Ik besef dat het ook buiten de kliniek niet veilig is en de politie me ook niet zal helpen.
Anderhalf uur geleden had ik nog hoop dat het einde van mijn gevangenschap als baby'tje misschien wel aanstaande was, nu lijkt mijn vrijheid verder weg dan ooit. (Wordt vervolgd)
 
Laatst bewerkt:

Peter1970

Superlid
De proefpersoon 2 'Het genootschap' deel 3.

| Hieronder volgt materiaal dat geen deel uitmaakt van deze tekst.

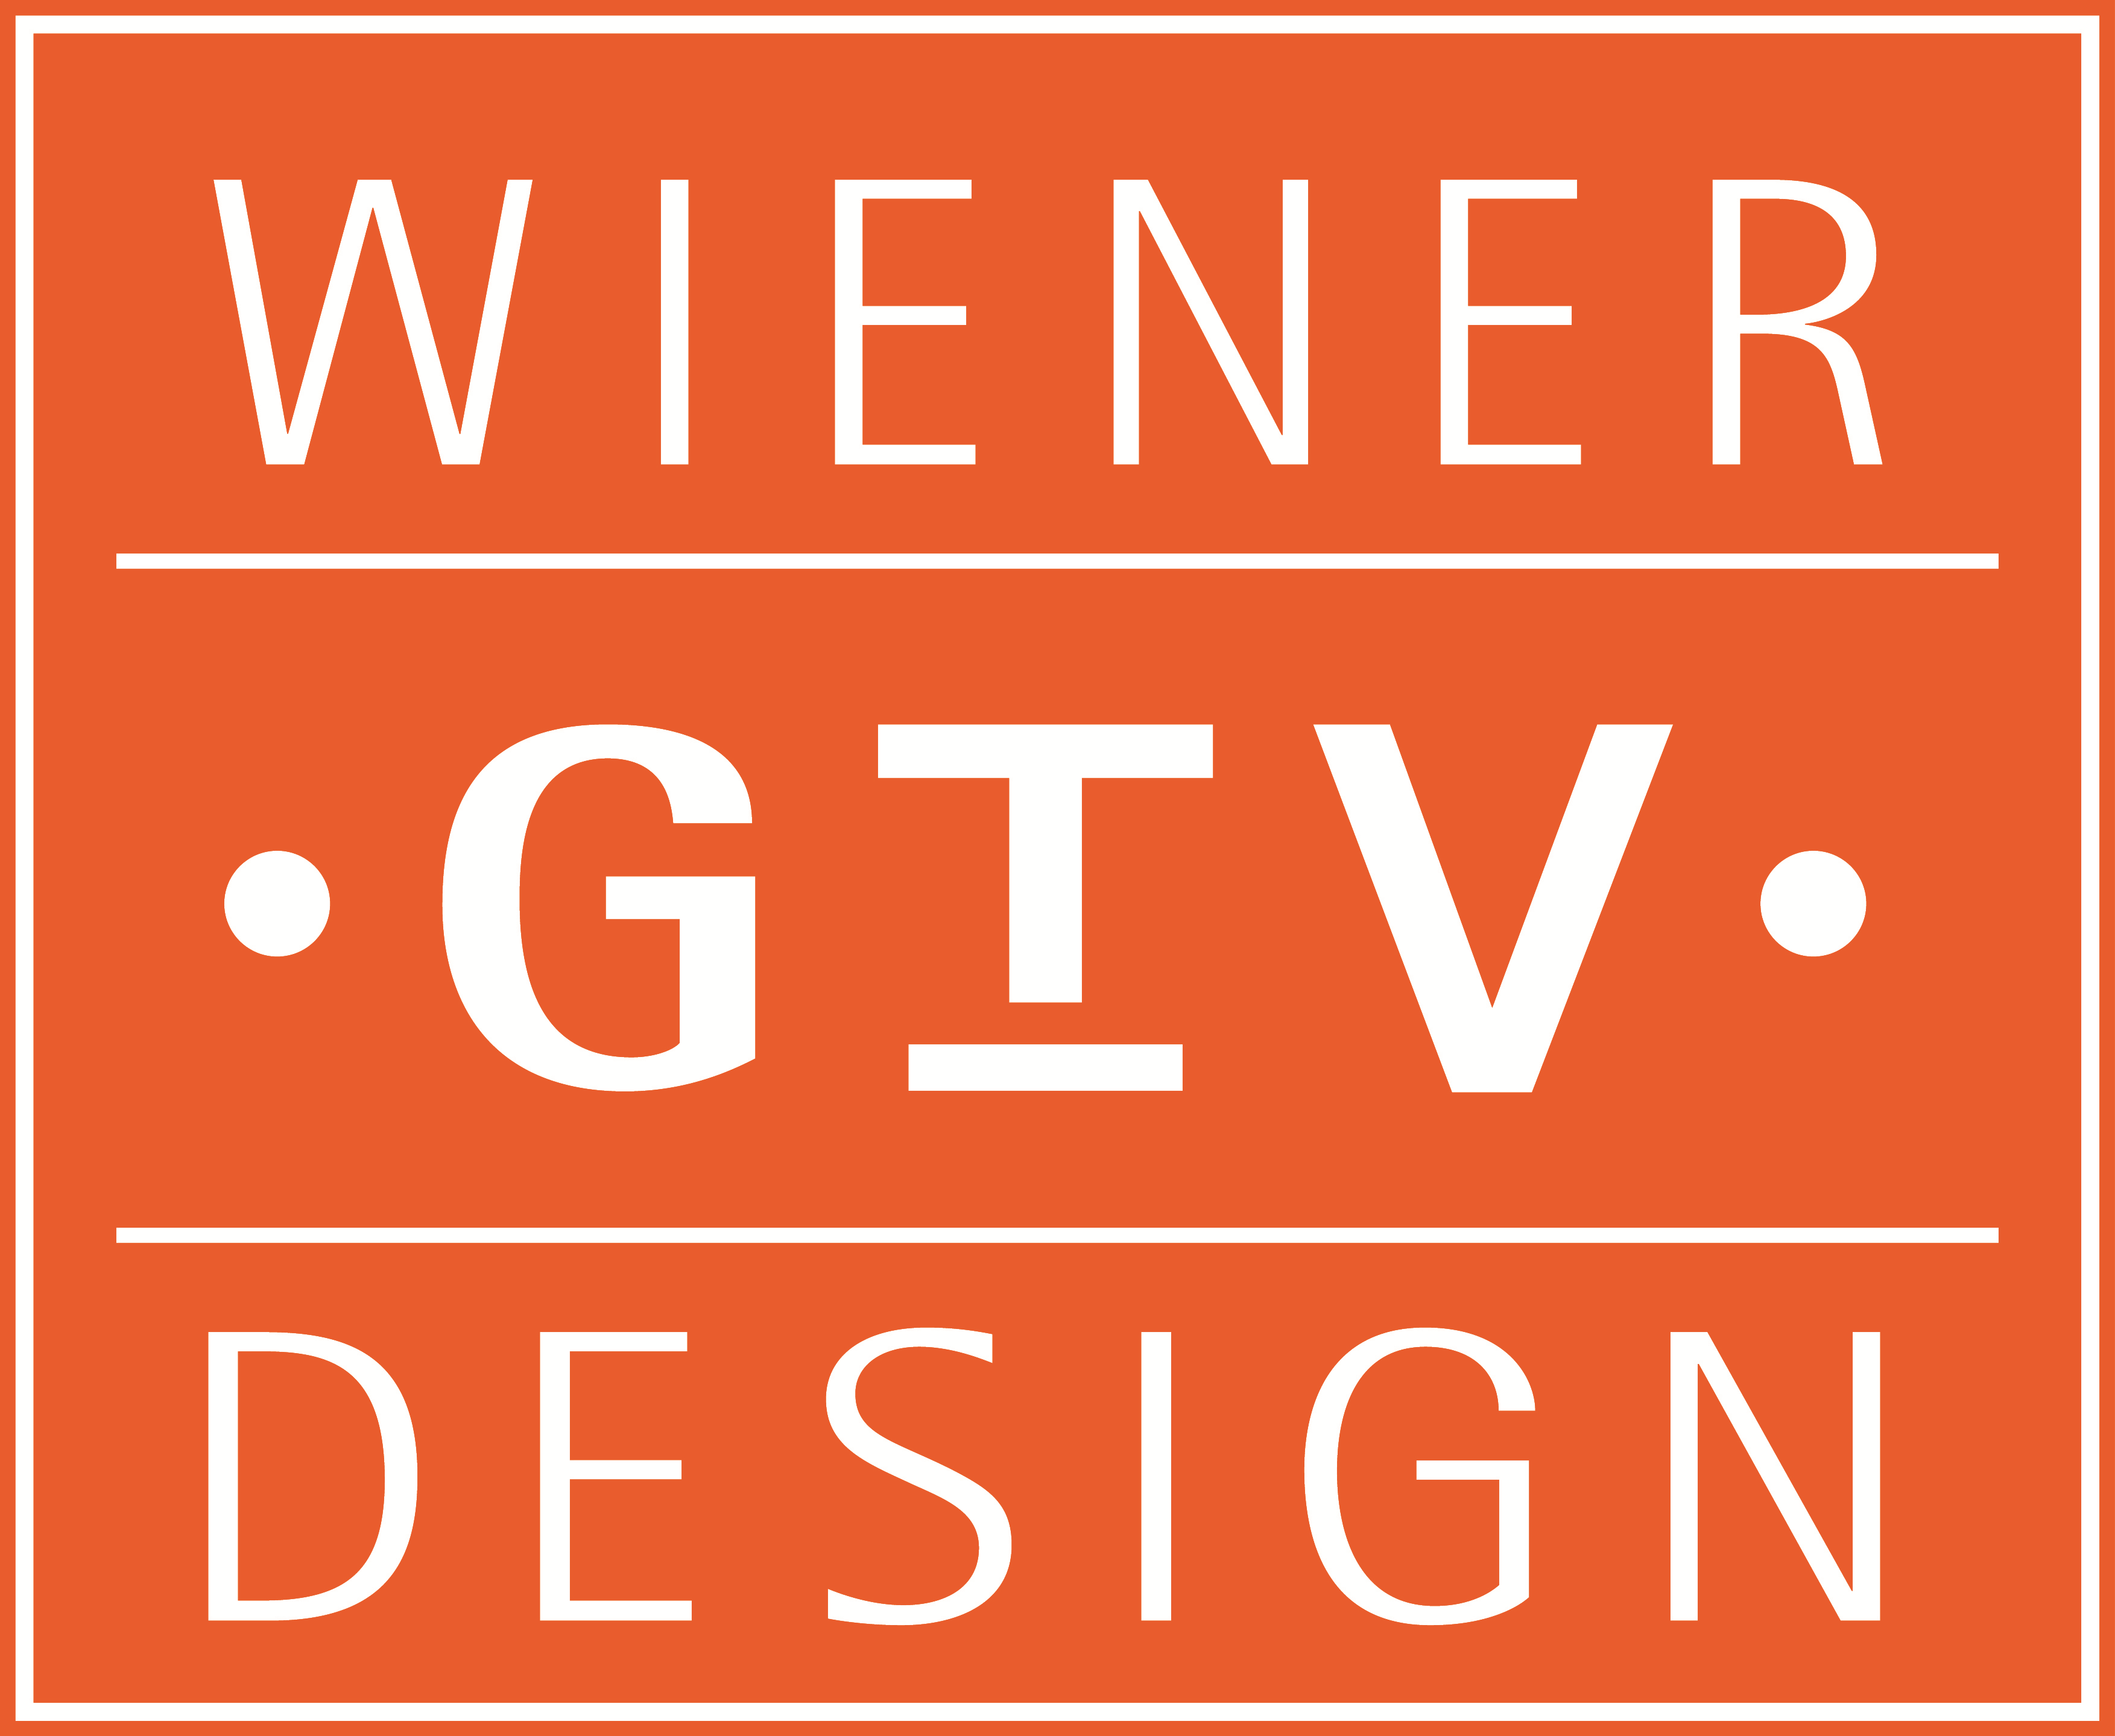 GTV Logo - Wiener GTV Design. Curved wood furniture

'Nou geef haar maar een spuitje, dan is ze lekker even rustig en zien we morgen verder' zegt Joke.
Niet veel later voel ik een prik in mijn arm en wordt alles zwart.
Als ik mijn ogen open doe, heb ik een deja vu gevoel. Ik lig in een van de babybedjes in de grote baby ruimte, ik lig volledig gefixeerd zoals ik me dat nog van de vorige keer kon herinneren. Ik weet ook wat er komen gaat, ze zullen weer oefeningen met me gaan doen. Ik hoop dat ik ze weer voor de gek kan houden door te veinzen dat ik mijn armen en benen niet kan bewegen.
Ik ben wel bang dat ze me dit keer heel kritisch zullen bekijken, dat filmpje laat wel heel duidelijk zien dat ik prima kan lopen. Zo snel als vorige keer, na die ontsnapping met Inez, zal ik wel niet naar huis mogen. Voor zover ik kan zien is het niet heel druk op de afdeling. Verderop hoor ik iemand huilen. Ik hoor een verpleegster naar het gehuil lopen. Hoewel de ik het niet kan verstaan hoor ik de verpleegster kalmerende geluidjes mnaken. Even later zie ik het lachende gezicht van Marion over mijn bedje buigen.
'Dag schatje heb je lekker slaapjes gedaan.' Ik hoor me zelf lachen, het gelach van een baby. Het is blijkbaar ochtend, Marion en een andere verpleegster, die ik niet ken, halen een voor iedereen uit zijn of haar bedje. Ik hoor baby gelach en gehuil, en troostende woordjes. Ook ik word uit mijn bedje gehaald en en op het verschoonkussen gelegd.
'Ik had het kunnen weten.' Zucht Marion, je bent helemaal doorgelekt, na dat spuitje hadden we je een dikkere luier om moeten doen. Maar het geeft niet.'
Ondanks de bizarre situatie, er worden hier vijf volwassen baby's verschoond, aangekleed en in een rolstoel gezet, voel ik me erg op mijn gemak, Het is heerlijk om door Marion te worden verschoond, ze behandelt me echt als een baby'tje en dat geeft me een heel goed gevoel. Even later staan we in een halve cirkel, een voor een krijgen we te eten en een flesje.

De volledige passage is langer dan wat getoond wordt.